▶ [Data block]
------------------------------

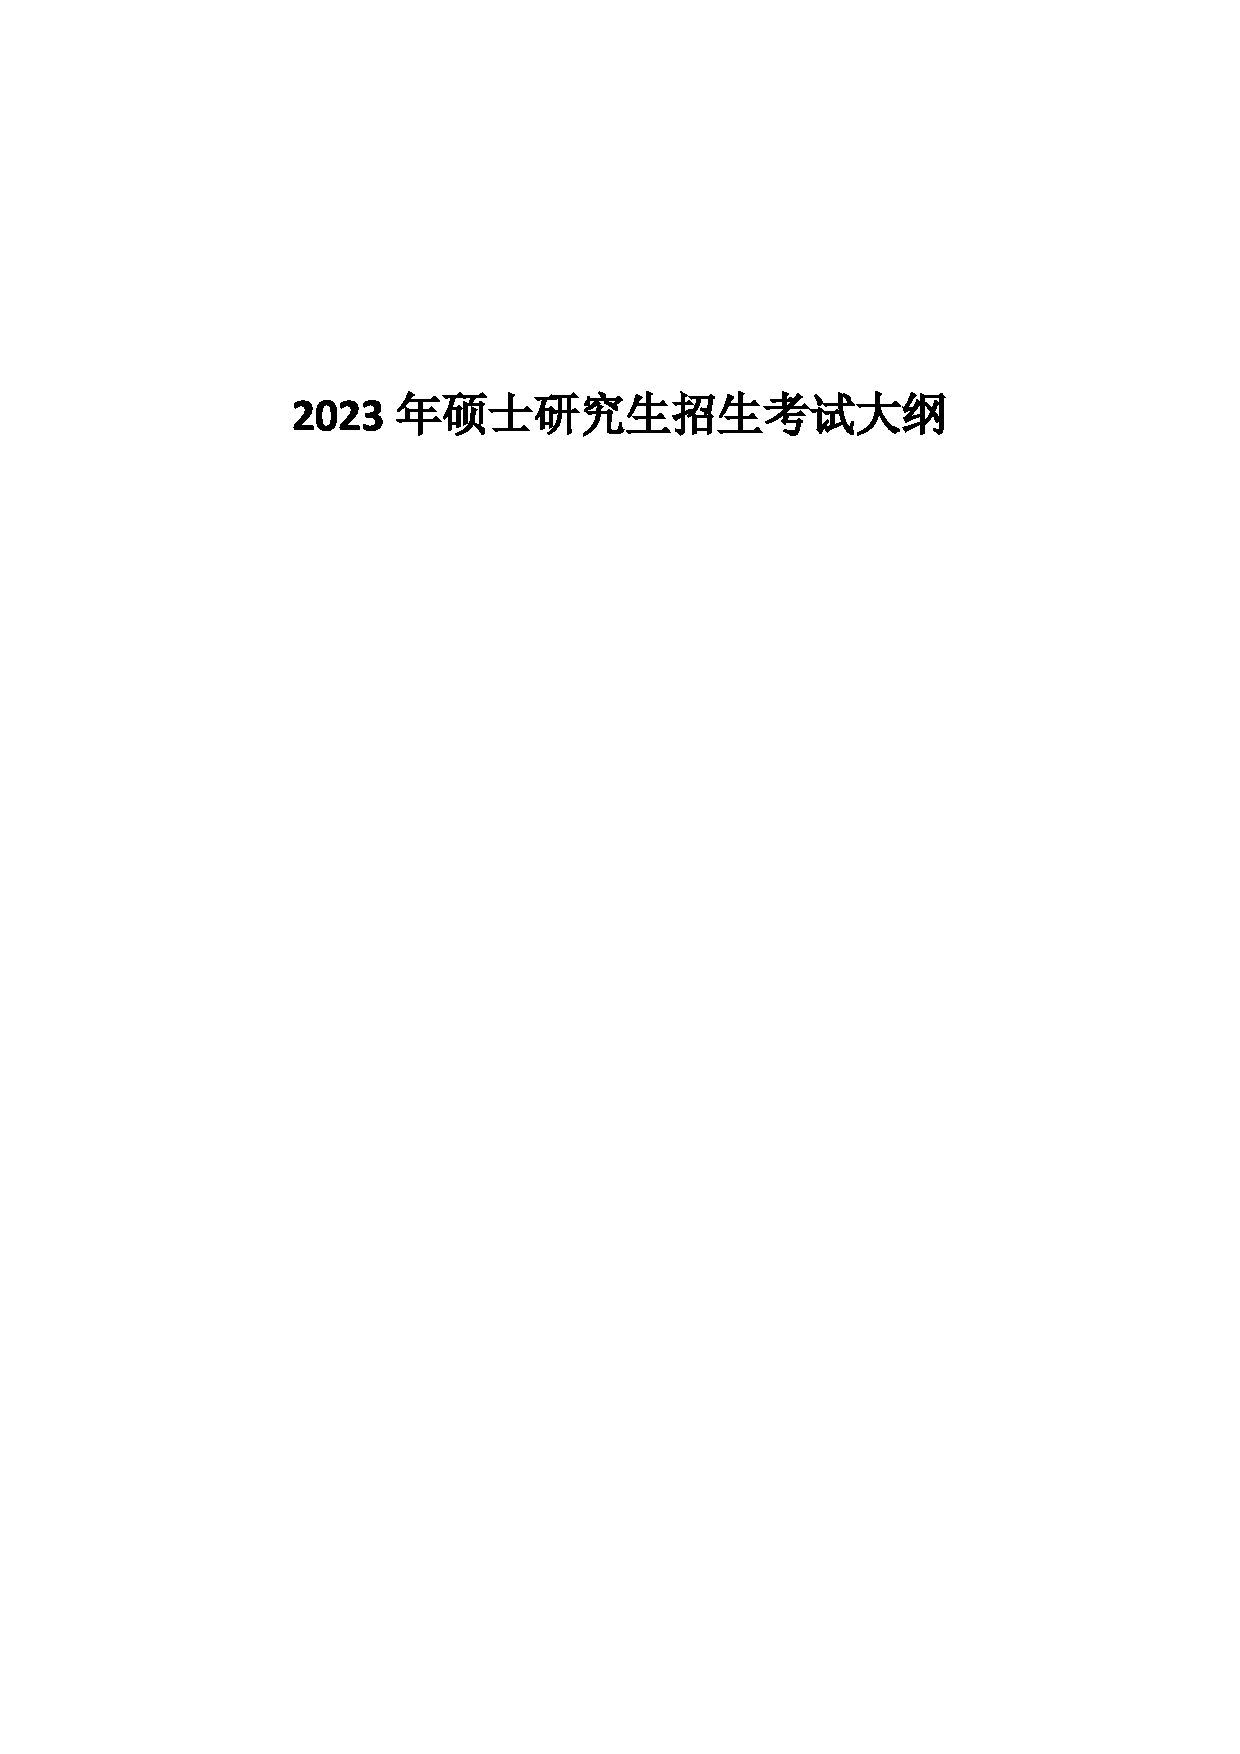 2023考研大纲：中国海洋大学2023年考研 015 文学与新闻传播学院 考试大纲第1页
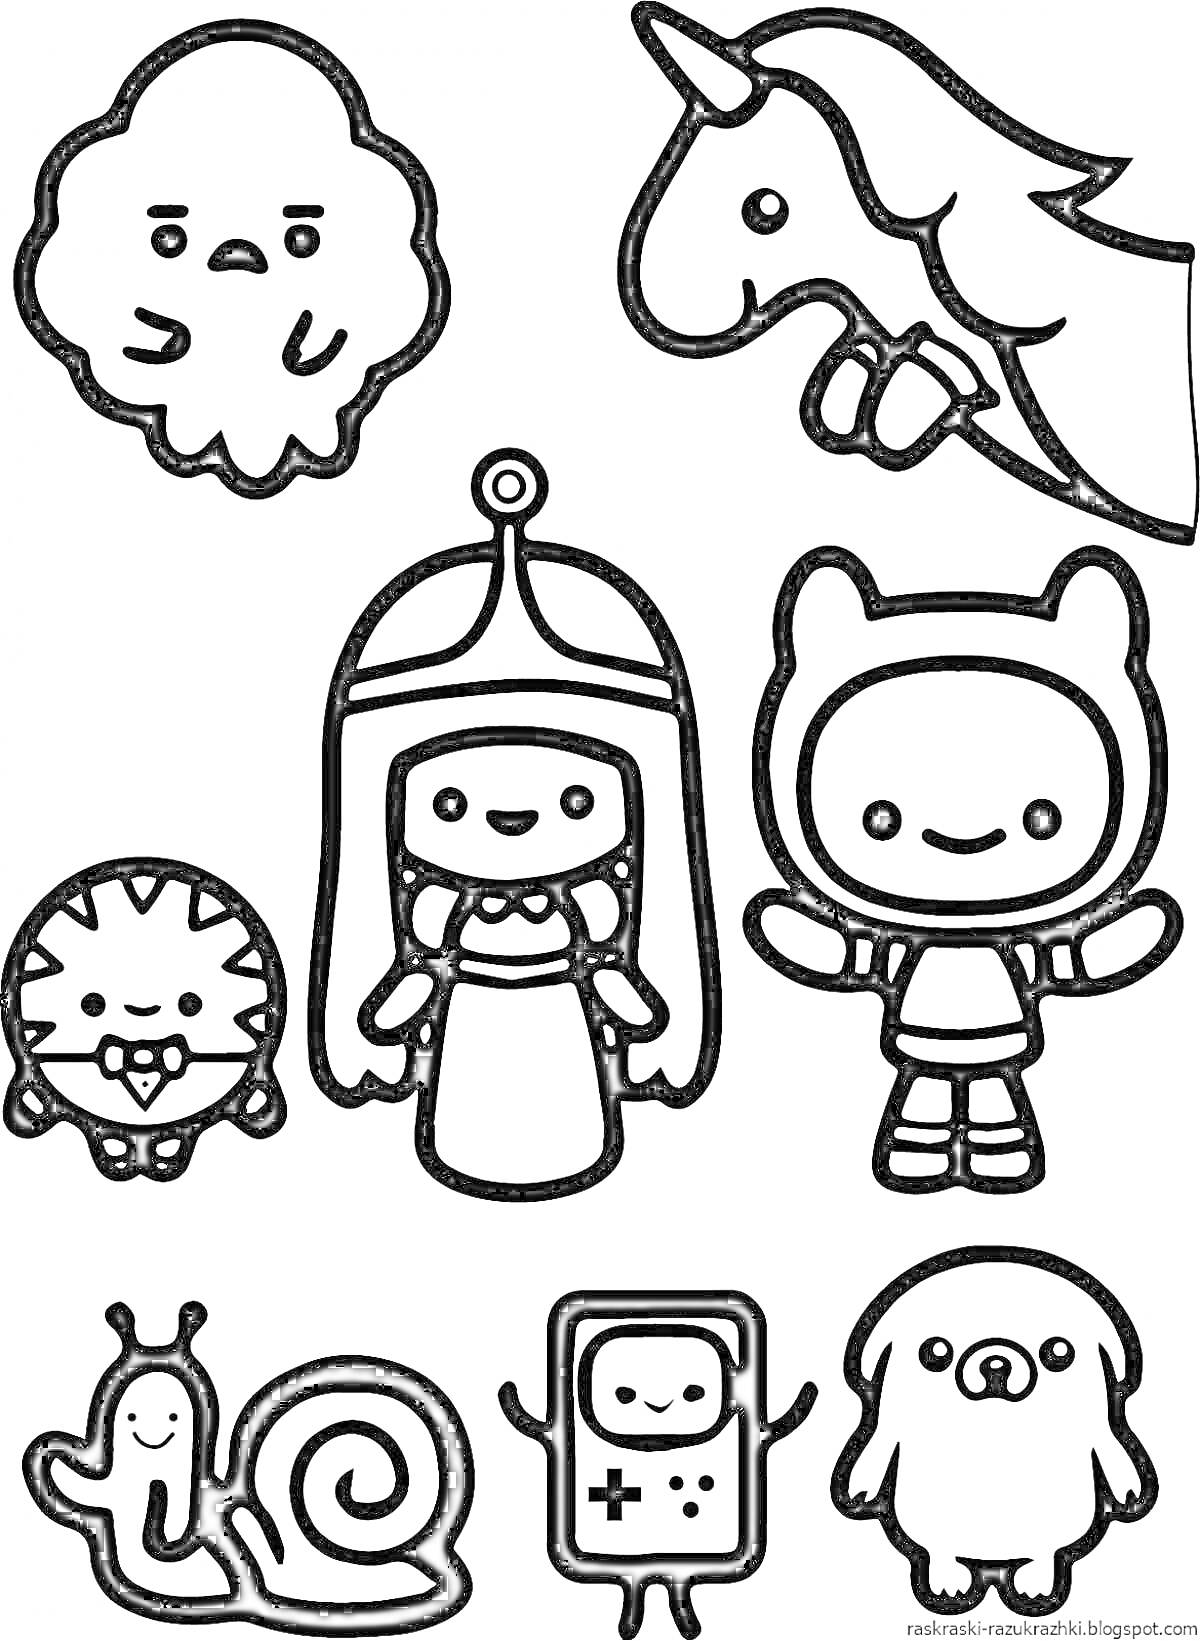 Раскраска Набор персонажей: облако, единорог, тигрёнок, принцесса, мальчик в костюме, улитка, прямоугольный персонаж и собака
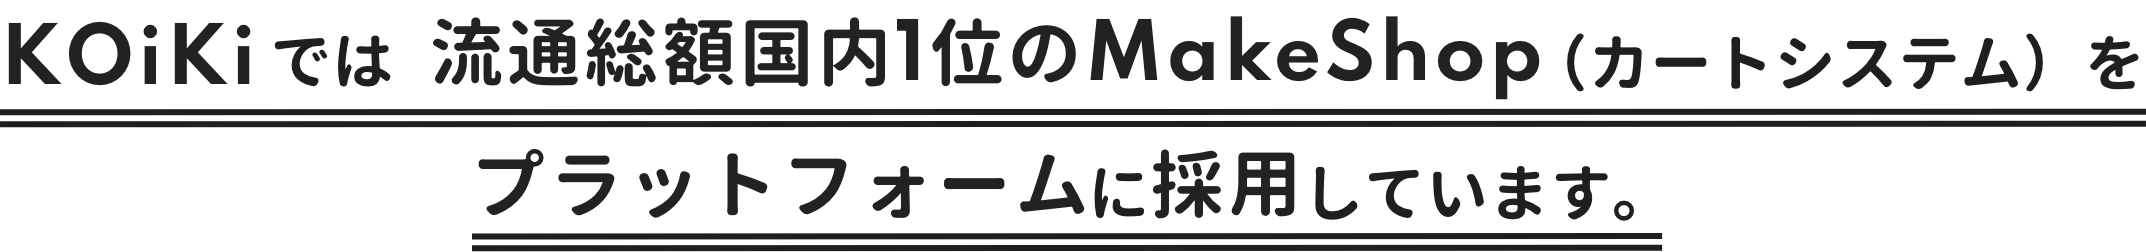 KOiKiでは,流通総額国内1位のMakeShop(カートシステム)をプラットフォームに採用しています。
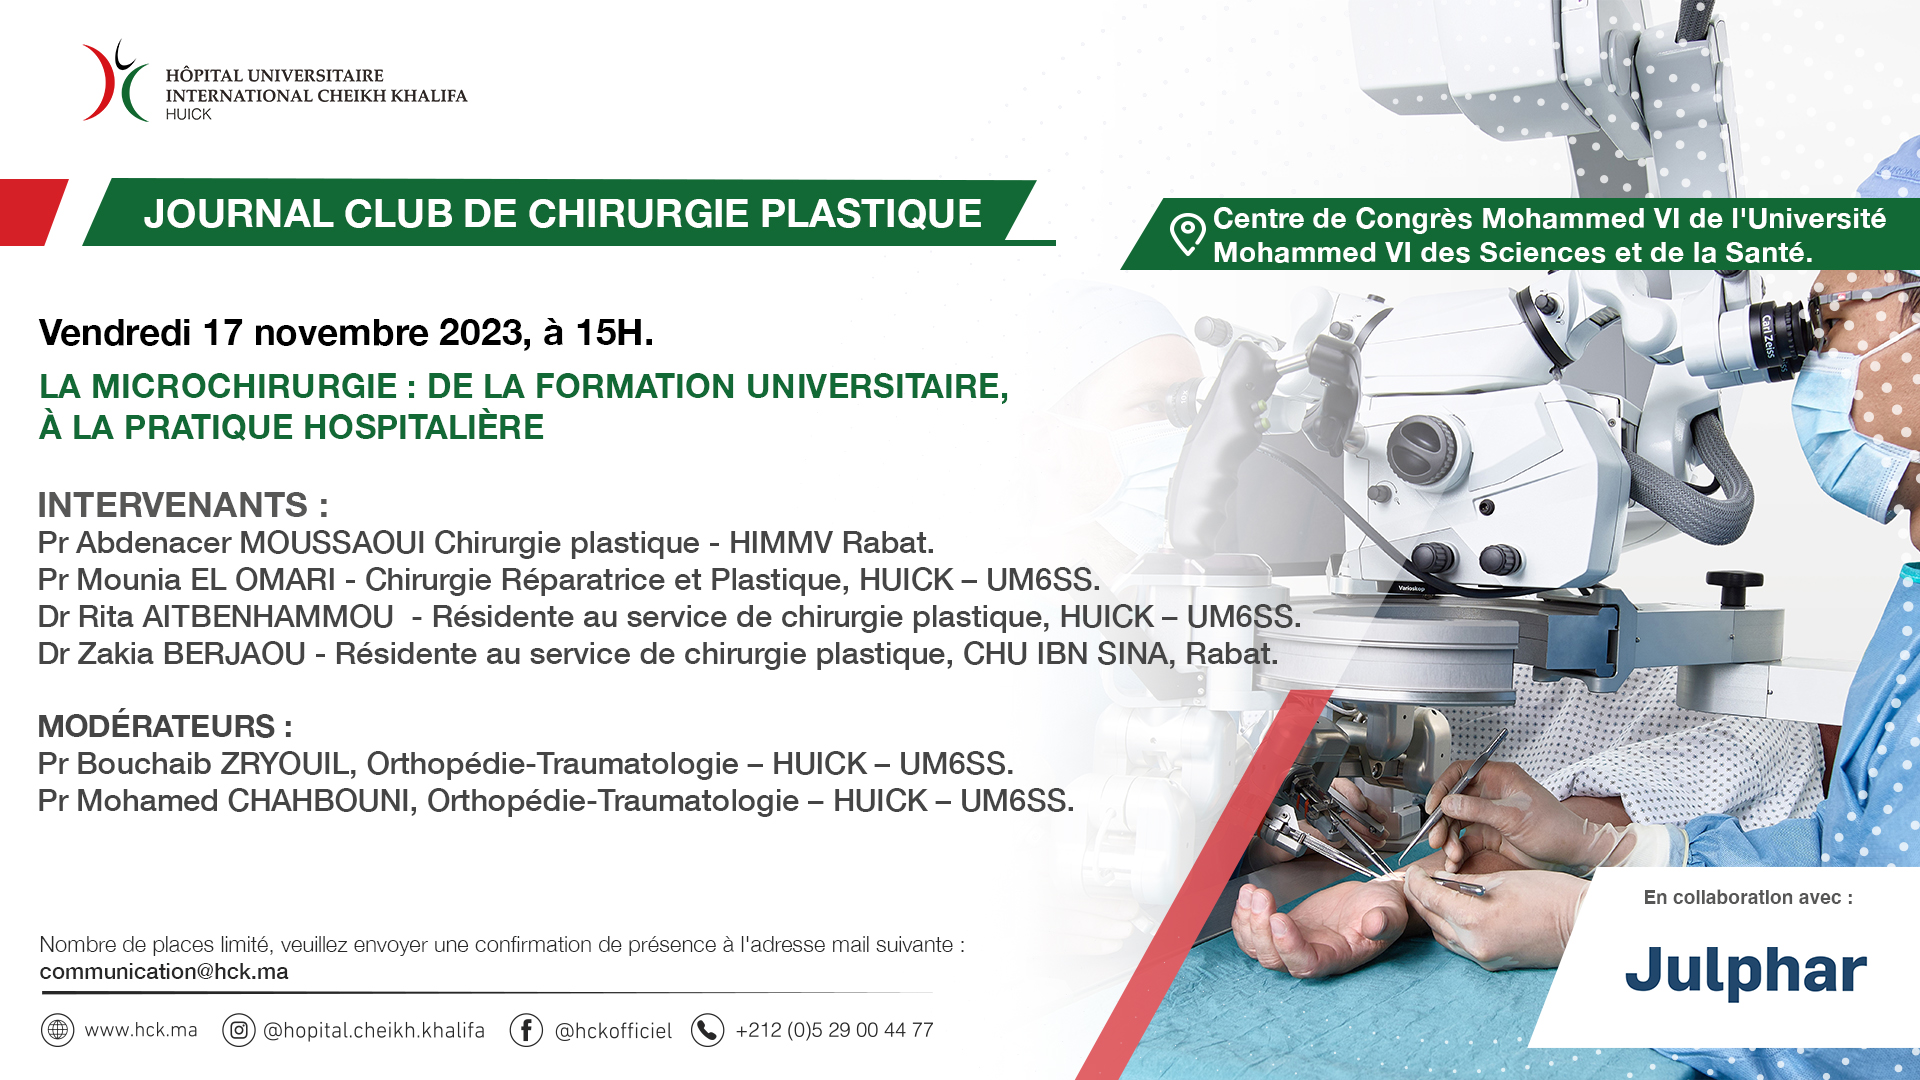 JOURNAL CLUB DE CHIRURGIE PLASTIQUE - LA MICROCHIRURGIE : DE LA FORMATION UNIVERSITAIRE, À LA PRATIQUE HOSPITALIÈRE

------------------------------

▶ [Task details] In the data above, the line containing "KOiKiでは,流通総額国内" and all lines after it are to be reproduced exactly, leaving out the pictures.

▶ [Answer space]
 KOiKiでは,流通総額国内1位のMakeShop(カートシステム)をプラットフォームに採用しています。
 JOURNAL CLUB DE CHIRURGIE PLASTIQUE - LA MICROCHIRURGIE : DE LA FORMATION UNIVERSITAIRE, À LA PRATIQUE HOSPITALIÈRE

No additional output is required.